Dub. In the bra. Dub in the bra.
the last time I saw her she was leaving the mens bathroom and club rush with her dress inside out. typical tease.
I didn't join FB to see my only child straddle that boy in all her pictures.
I need to take "lollipop" off of every single one of my playlists cause it makes me wanna suck dick.
You just projectile vomited on my dad across the table at waffle house.
Do you think he can smell the vodka?
The bartender let me pay my bar tab with my itunes giftcards.
I'm in class. I'm not opening a page with the words "death erection" in the link. There's people behind me lol.
Lost another pound. Switching from beer to hard liquor did this body good.
You broke into someone's house and stole a pan of lasagna.

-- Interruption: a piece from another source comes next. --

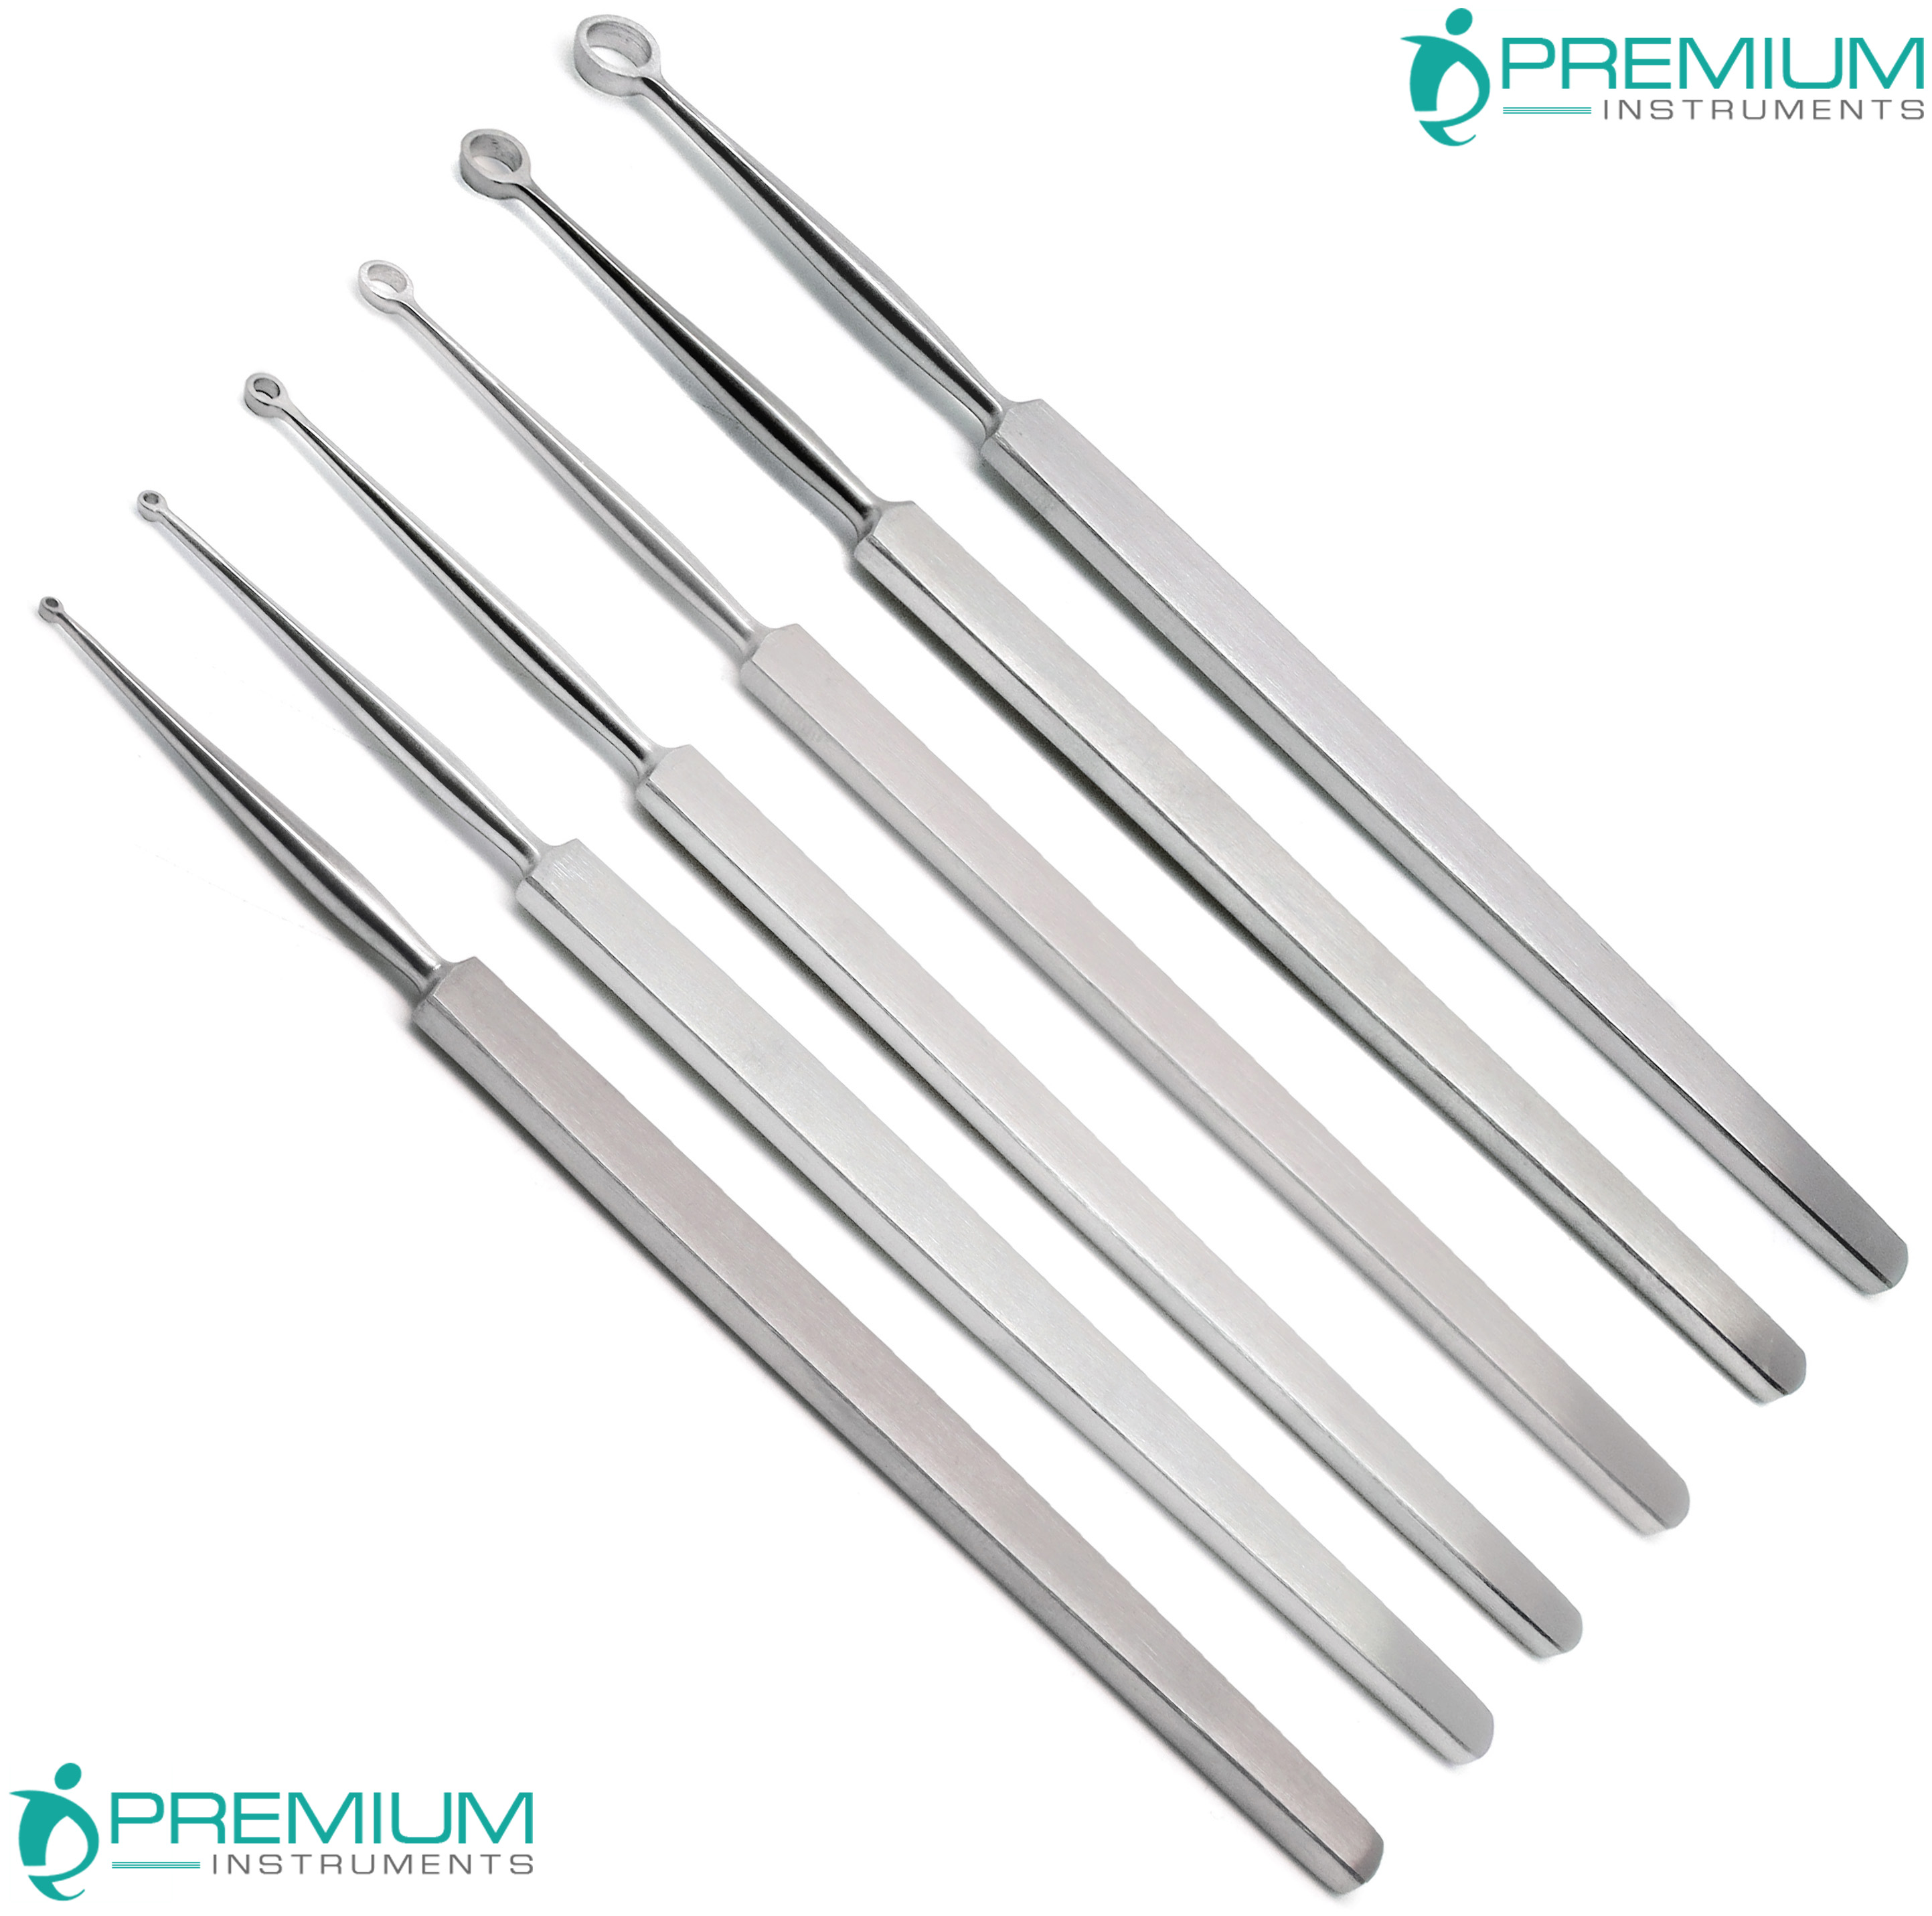 12 Fox Dermal Curette 6mm Surgical Dermatology Instruments

Ya, found out why there were rat traps in my bed. Guess I pissed in Sams room so he went to the store and got them and put them on my bed and put tabasco in his humidifier and put it in my room
Dude you ate toast sprawled out on my kitchen floor and said "this is comfy". No more day drinking.
Just proved I could salsa dance in a bar where no one was dancing
Sidenote...no idea how to salsa
I found my hair extensions. They were in my hamper.
There's no button for "gave my boyfriend's cock to a friend" on my intimacy calendar.
No one can touch me, I'm made of fruit.